From now through the end of the MIX09 conference in Las Vegas, Rob Burke will be providing his insights from the conference on a daily basis.
Robert Burke is a Toronto-based IT Consultant who’s attending his fourth MIX event this year. By day he’s knee-deep in Microsoft User Experience technologies, including Silverlight and the Windows Presentation Foundation, but his background includes stuff like artificial intelligence, interactive installations, graphics and biometrics. He attended the first two MIXes as a member of Microsoft’s Developer and Platform Group, and the second two as Principal Consultant of Carrington Technologies. His website is at http://robburke.net and his shiny new Twitter account is @rob_burke.
The original post by Rob can be found here.
Today’s MIX09 Day 1 Keynote and Sessions put the ‘Software’ into Microsoft’s ‘Software plus Services’ vision.
It was the “feet on [presentation layer] ground” bit, made memorable by the energetic call to action delivered by Bill Buxton to get things started. His job was to deliver the “what”, and the Blend team is helping provide the “how.”
Tim Sneath has a thorough and thoughtfully hotlinked play-by-play of the keynote in two parts – here and here. And fellow Canadian Jean-Luc David took over 500 keynote photos which I am sure he will filter before he uploads them here on Flickr, because apparently the man does not need sleep!
In the spirit of Bill’s Sketching User Experiences, I drew a mindmap, even though I have all the artistic ability of a slug (see below).
Blend 3 and SketchFlow
The most important words on my entire mind map the morning were “THEY HAVE CHANNELLED BUXTON”.
SketchFlow in Blend 3 looks superb. SketchFlow and its player will, unquestionably, change the way I flesh out user experiences to clients and get their feedback. It will be very interesting to see how this tool actually gets used in practice, and evolves as designers and developers embrace it. It’s not SketchFlow’s intent to replace all other forms of sketching, but rather to augment them with something innovative and useful. I hope it will also improve developer/designer communication, by providing a tool and talking point that both can use.
Although nothing surprised me per se during the Silverlight 3 announcements, that was a good thing. There are significant improvement in v3, and answers to some (but not all) hopes.

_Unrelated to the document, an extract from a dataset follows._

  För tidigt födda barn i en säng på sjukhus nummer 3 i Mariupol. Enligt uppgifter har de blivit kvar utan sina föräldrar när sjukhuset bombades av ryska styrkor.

The very promising: Updates like offline capabilities, server data push (caching on client), VisualStateManager invalid states and validation, Merged ResourceDictionaries, etc., that will address important shortcomings and challenges for people building Silverlight line-of-business apps. Things like SaveFileDialog.

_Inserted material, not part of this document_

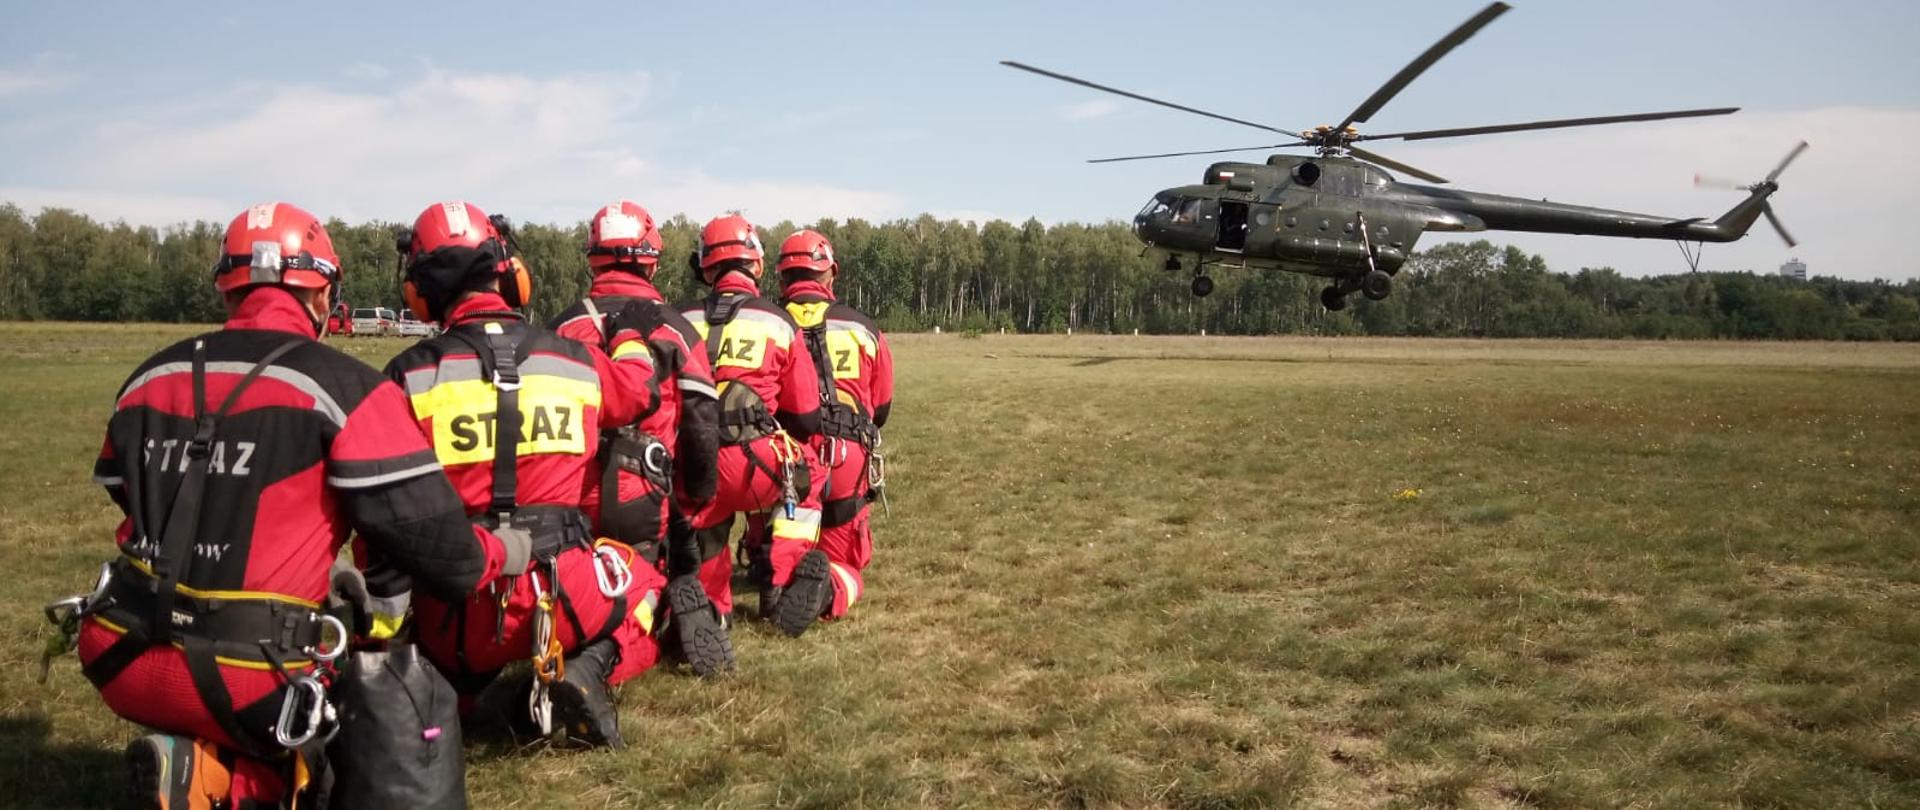 5 strażaków w czerwonych kombinezonach w pozycji klęczącej na jednym kolanie na trawie oczekuje na lądowanie policyjnego śmigłowca

The important: Better text (desperately needed), library caching (for reducing download time – how many of my SL2 apps bundle whittled-down bits of the SL Toolkit?), sample data.
The cool: GPU support (opt-in @ plug-in and control levels). Multitouch support. Perspective 3D, which will be much more approachable than the 3D support in WPF, and address most of the scenarios where 3D adds UX value. Pixel Shader effects – which aren’t hardware accelerated, but look good. Pixel and Bitmap APIs which open up new scenarios.
The awesome postscript.: Siverlight 3.0 runtime is actually 30k smaller than Silverlight 2! Madness!
The things I hoped for but didn’t find in v3: Commanding, Printing (unless you count Nikhil’s “make an ASP.NET page and print that” solution), FlowDocument.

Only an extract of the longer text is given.